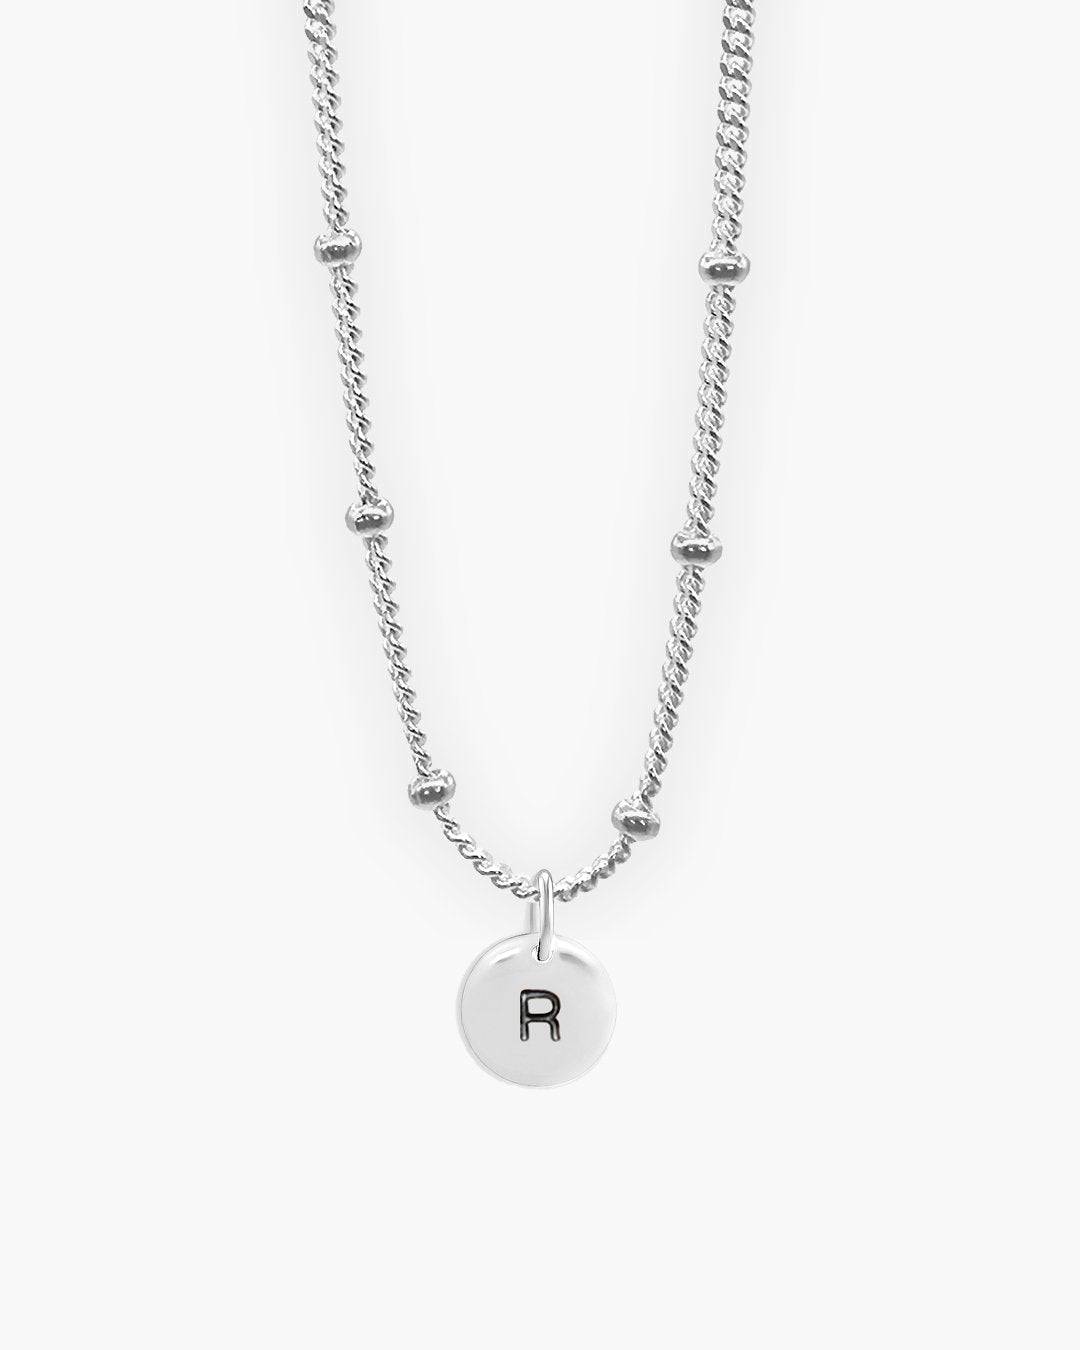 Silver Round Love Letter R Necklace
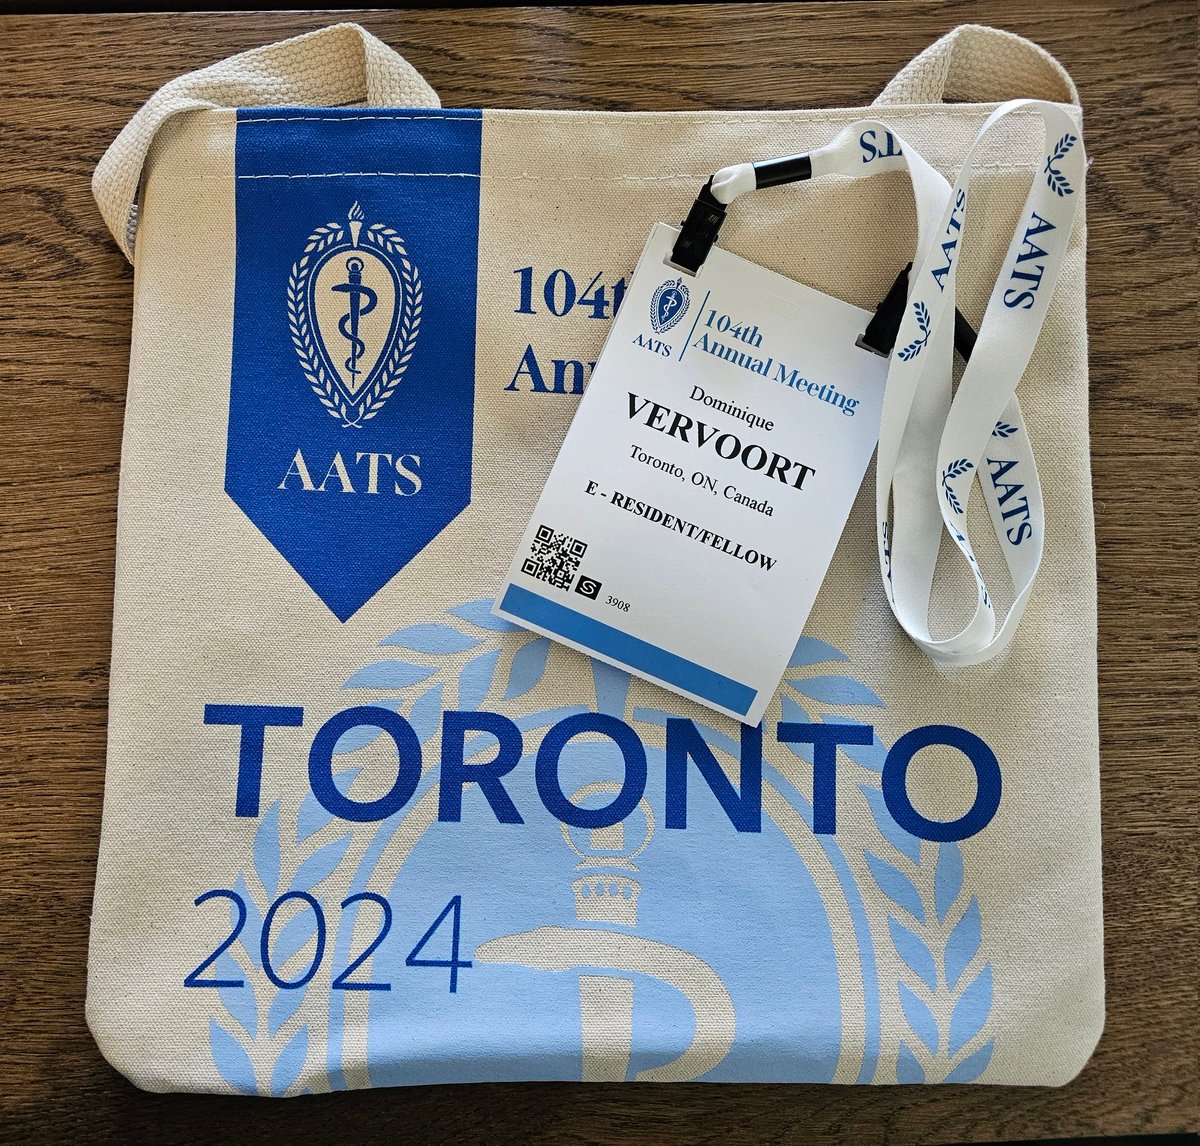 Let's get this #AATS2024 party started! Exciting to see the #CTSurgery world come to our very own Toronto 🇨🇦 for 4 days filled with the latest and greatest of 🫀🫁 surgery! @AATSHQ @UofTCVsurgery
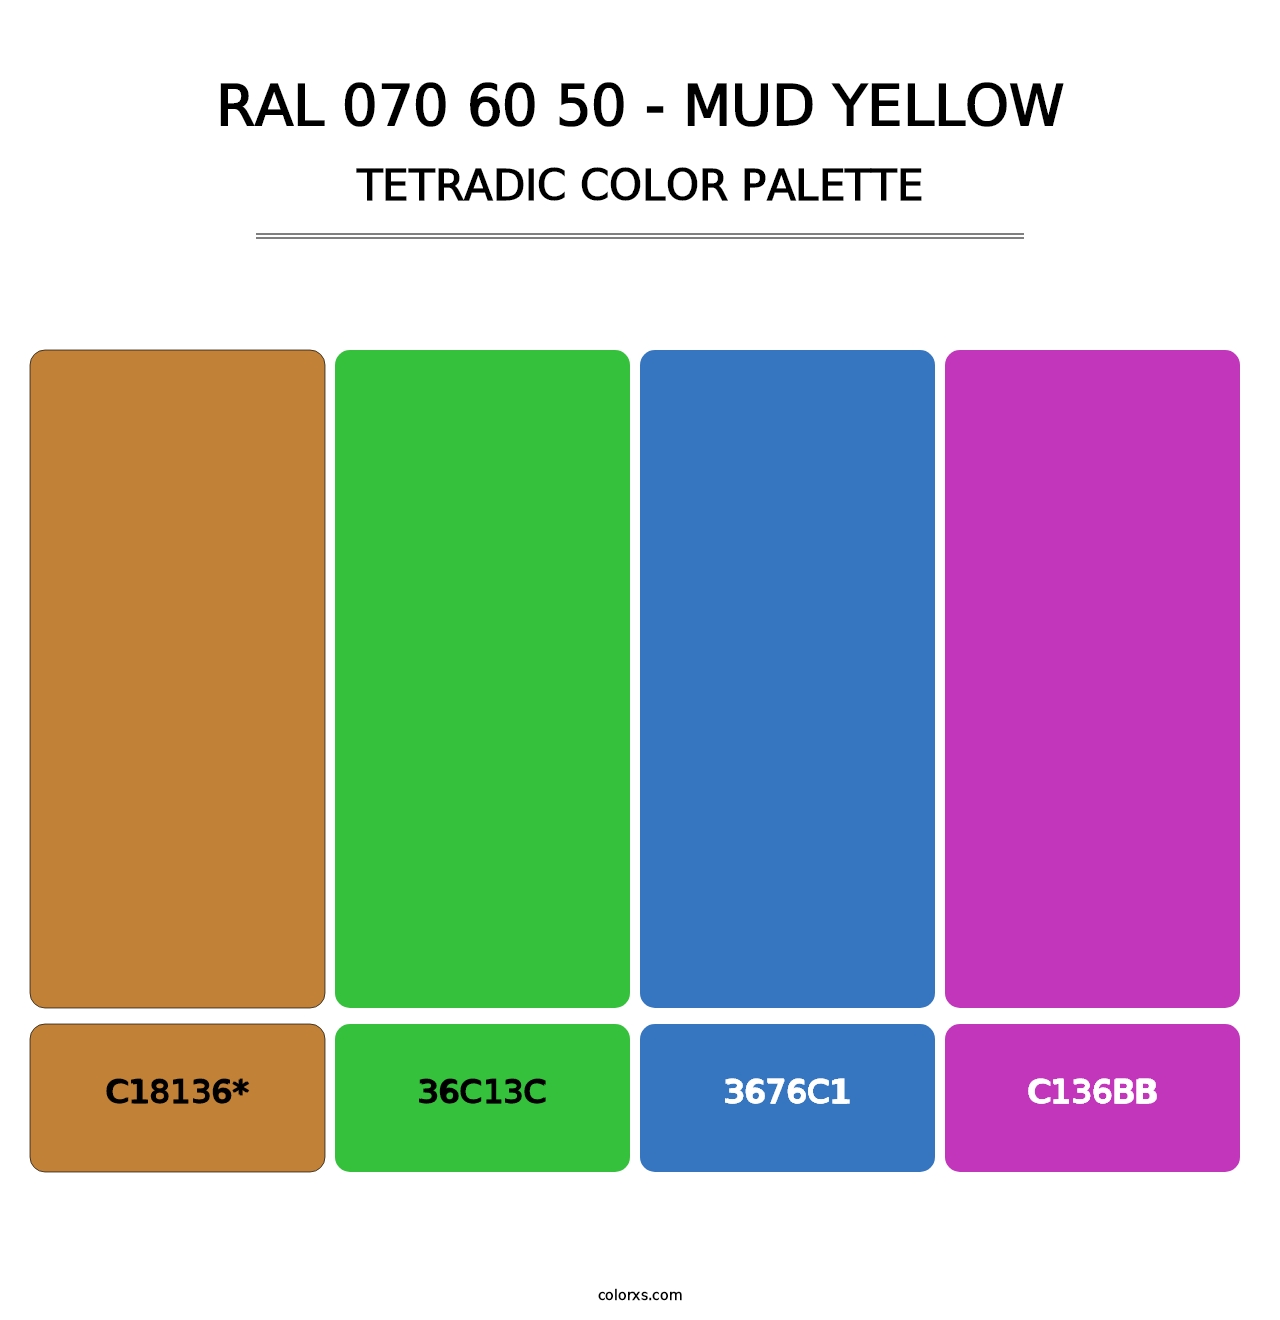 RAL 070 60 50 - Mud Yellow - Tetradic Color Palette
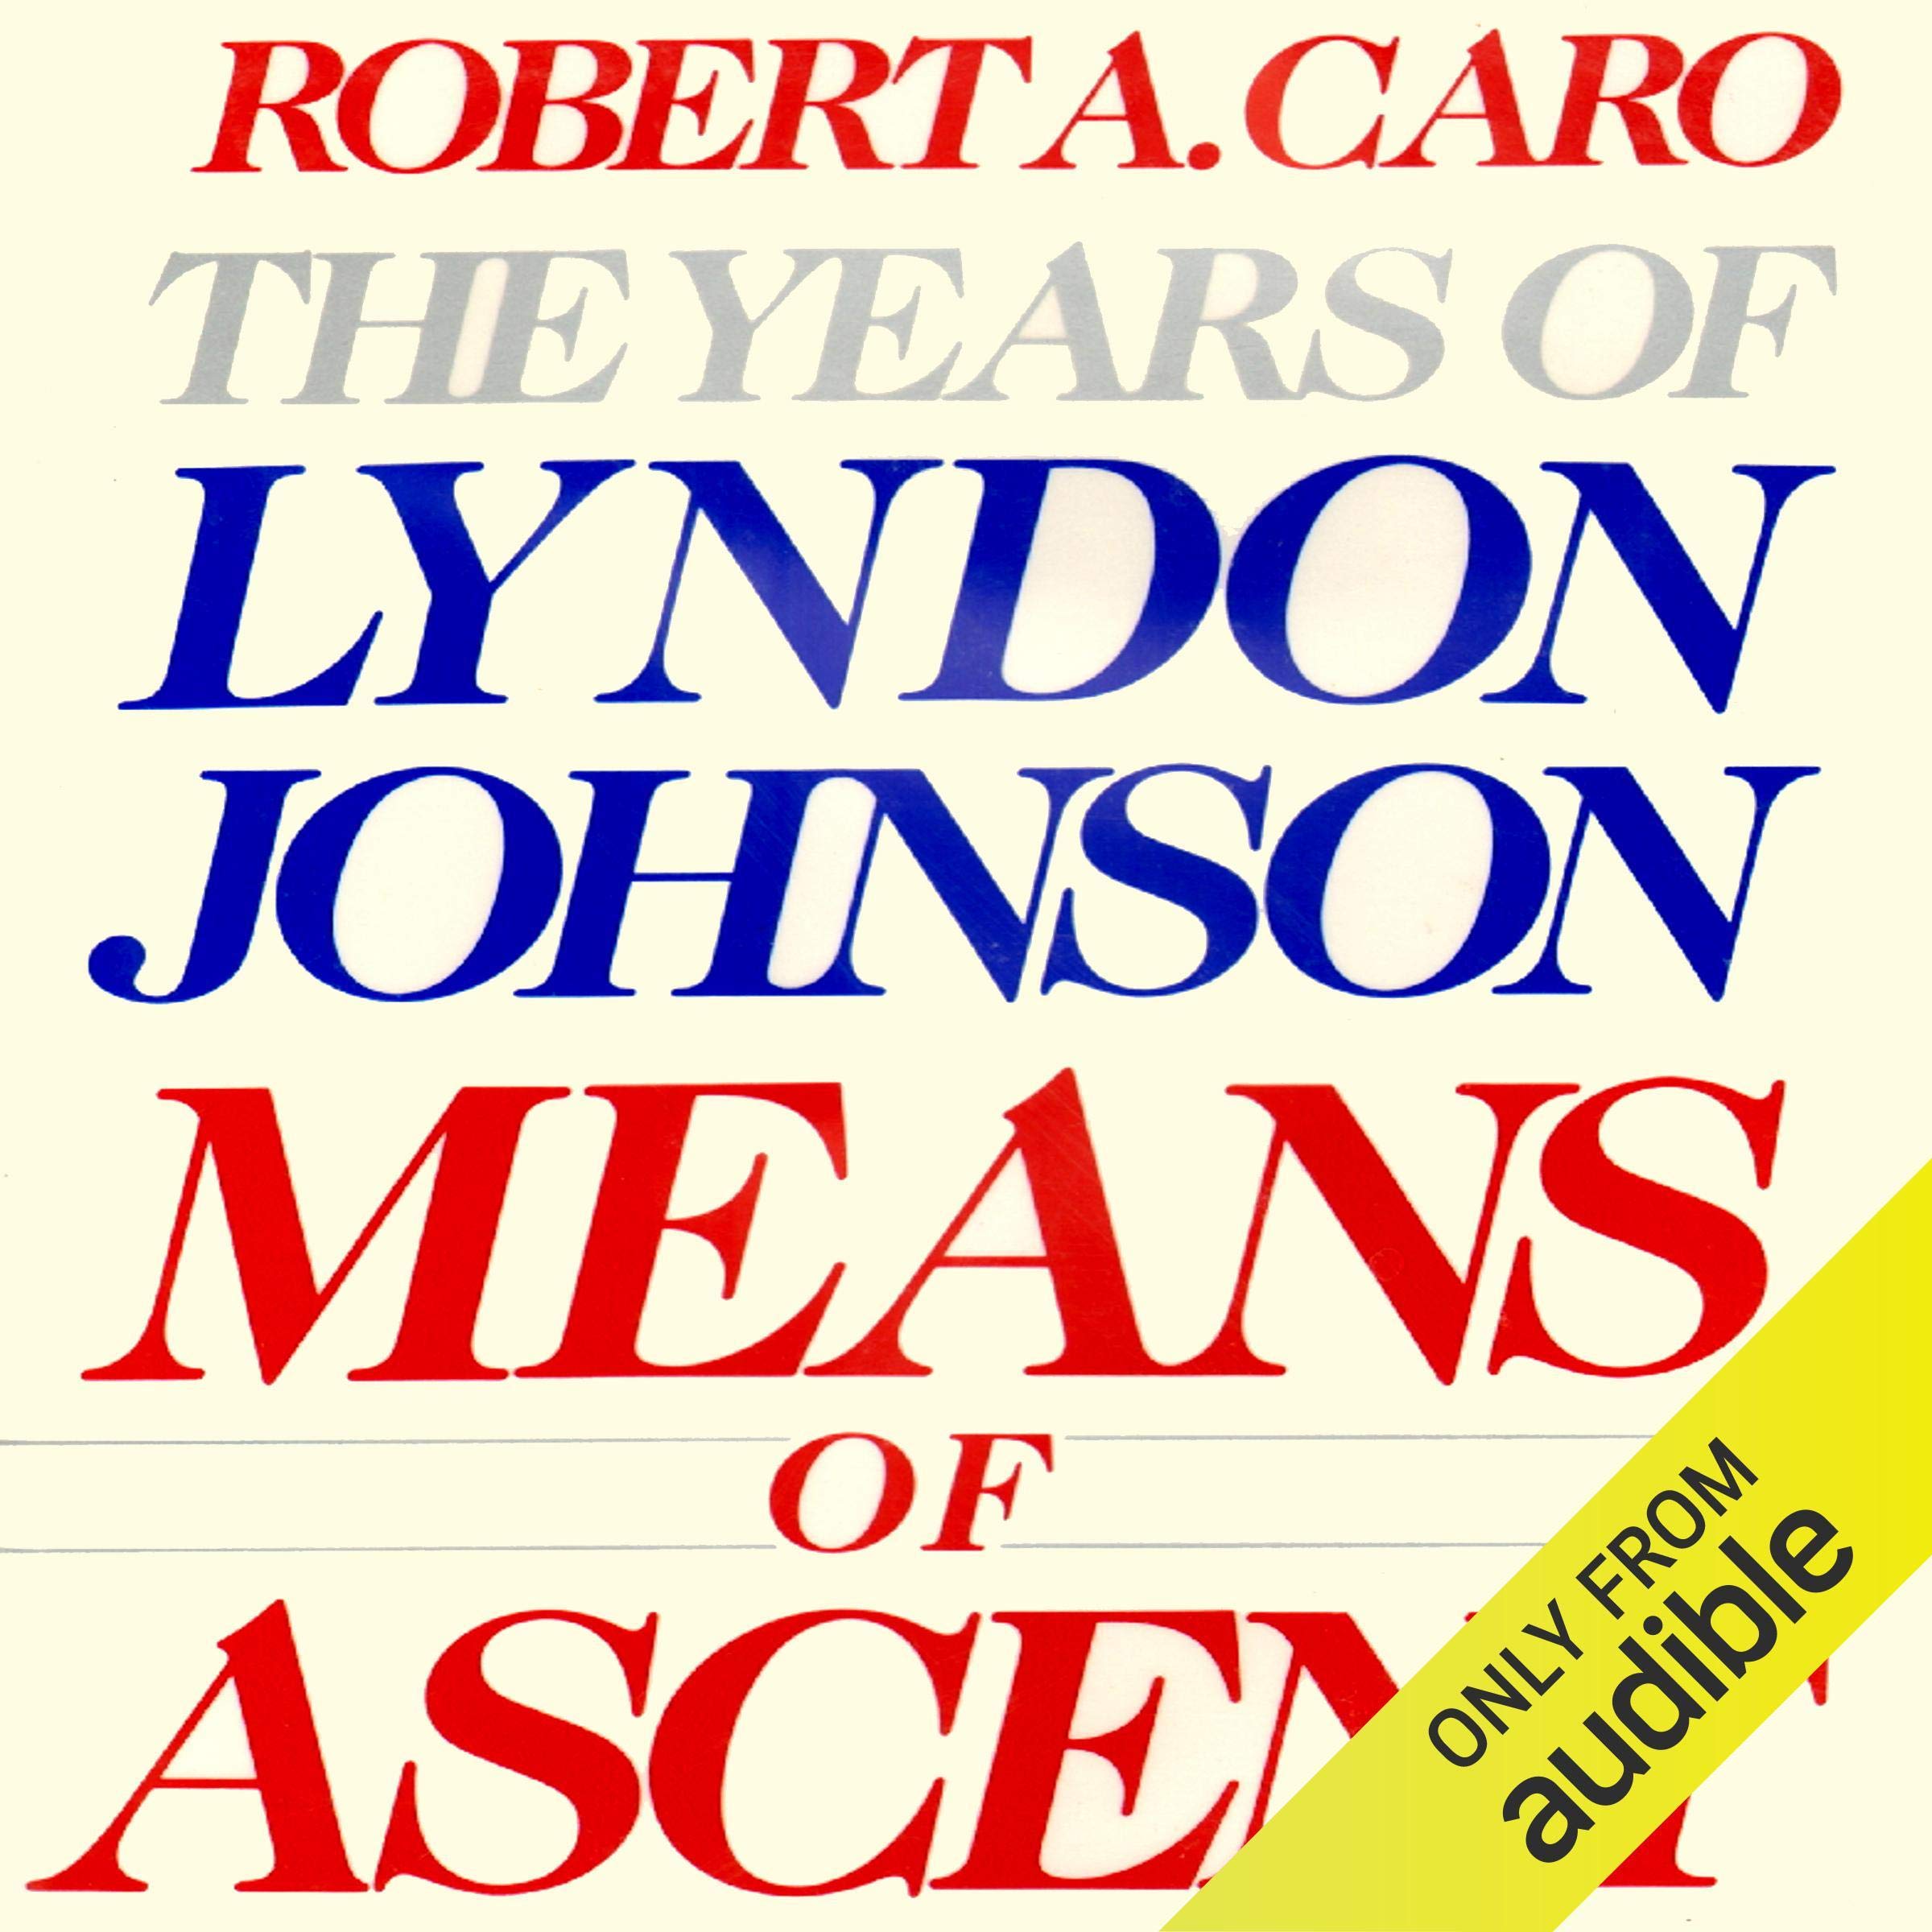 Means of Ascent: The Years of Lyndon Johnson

^^^^

» **Work task**:
Skip the pictures, then return the rest of the data exactly.

» **Written reply**:
 Silver Round Love Letter R Necklace
 Let's get this #AATS2024 party started! Exciting to see the #CTSurgery world come to our very own Toronto 🇨🇦 for 4 days filled with the latest and greatest of 🫀🫁 surgery! @AATSHQ @UofTCVsurgery
 RAL 070 60 50 - Mud Yellow - Tetradic Color Palette
 Means of Ascent: The Years of Lyndon Johnson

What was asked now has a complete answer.